Why Onboarding Is One of the Most Important HR Functions
A well-designed onboarding process does more than hand a new employee their laptop and access badge. It builds confidence, establishes expectations, and accelerates productivity. Poor onboarding, on the other hand, leads to confusion, disengagement, and early turnover — all of which cost the business time and money.
This guide breaks down the onboarding process into four clear phases so HR teams and managers can run a consistent, professional experience every time.
Phase 1: Pre-Boarding (Before Day One)
The onboarding experience starts the moment an offer is accepted. Use this window to handle admin and set a positive tone.
- Send the offer letter and employment contract for signature (use an e-signature tool to speed this up)

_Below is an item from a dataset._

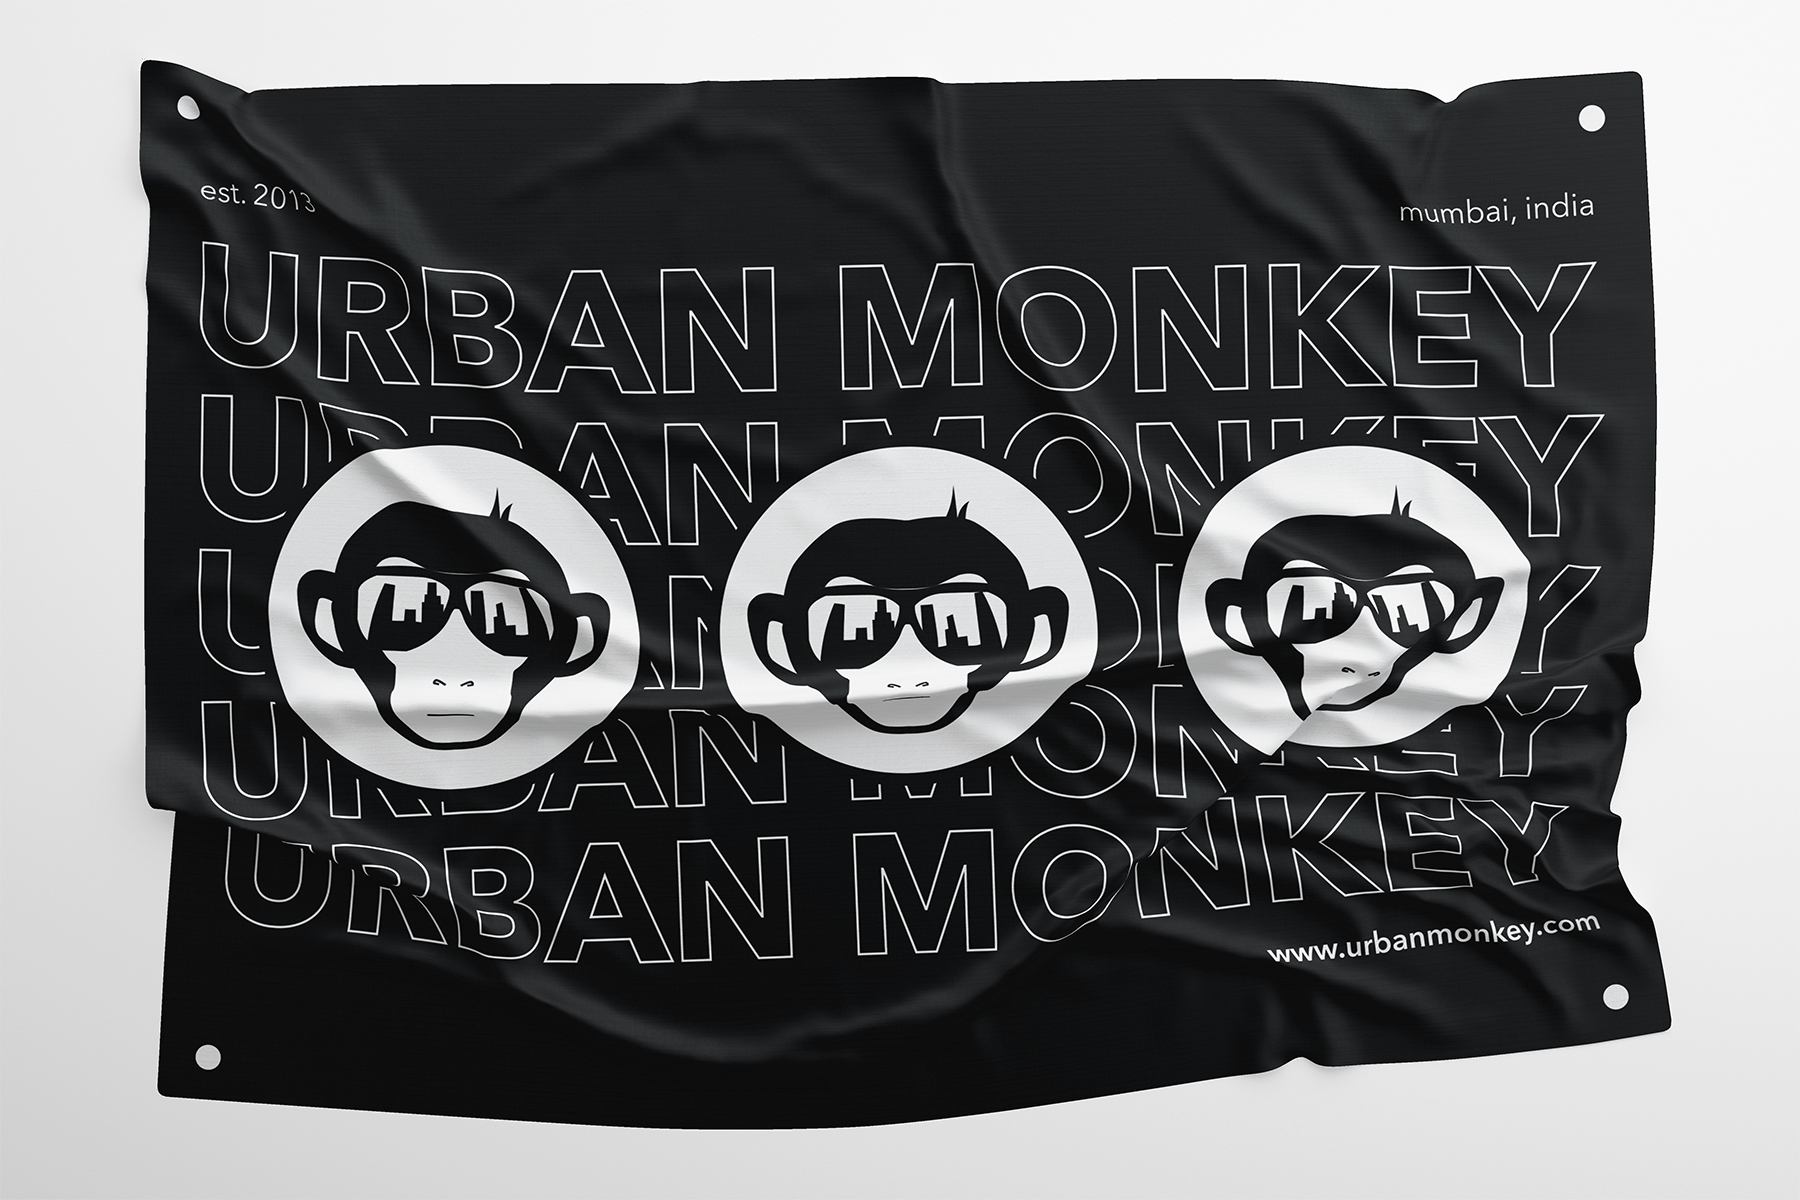 Urban Monkey India

- Collect new hire paperwork: tax forms, bank details for payroll, emergency contacts, ID verification
- Set up system access: email account, HR platform login, relevant software
- Assign a buddy or point of contact so the new hire has someone to reach out to with questions
- Send a welcome email with their start date, location or remote login details, dress code, and what to expect on day one
- Prepare their workspace: desk, equipment, stationery, and any welcome materials
Phase 2: Day One — First Impressions Count
The first day sets the tone for the entire employment relationship. Keep it structured but not overwhelming.
- Give a warm welcome from HR and their direct manager
- Conduct a workplace tour (or virtual orientation if remote)
- Review the employee handbook: policies, working hours, leave entitlements, code of conduct
- Complete any remaining compliance paperwork
- Introductions to the immediate team and key stakeholders
- Walk through systems and tools they'll use daily
- Schedule a relaxed lunch or informal chat — avoid back-to-back formal meetings
Phase 3: Weeks 2–4 — Building Foundations
Once the initial admin is done, focus shifts to role clarity and integration.
- Set 30-day goals with the manager — clear, achievable, and tied to real work
- Schedule shadowing sessions with colleagues in related roles
- Deliver role-specific training (see our Training & Development guides for structuring this)
- Check in informally at the end of week two to address any early questions or concerns
- Confirm payroll details are correctly set up — catching errors early avoids bigger issues
Phase 4: Days 30–90 — Embedding and Evaluating
The 30-60-90 day framework is widely used because it works. Structure it like this:
| Milestone | Focus | HR Action |
|---|---|---|
| 30 Days | Learning the role and culture | Informal check-in, confirm training completion |
| 60 Days | Contributing independently | Manager feedback review, address any concerns |
| 90 Days | Full productivity and integration | Formal probation review, confirm employment status |
Common Onboarding Mistakes to Avoid
- Information overload on day one — spread training over several days
- No clear owner — assign one HR contact responsible for the full process
- Skipping remote employees — they need more structure, not less
- Forgetting culture — technical training matters, but so does helping people feel they belong
Final Thoughts
A repeatable, well-documented onboarding checklist removes guesswork and ensures every new hire gets the same quality experience. Build it once, refine it regularly, and your team will thank you for it.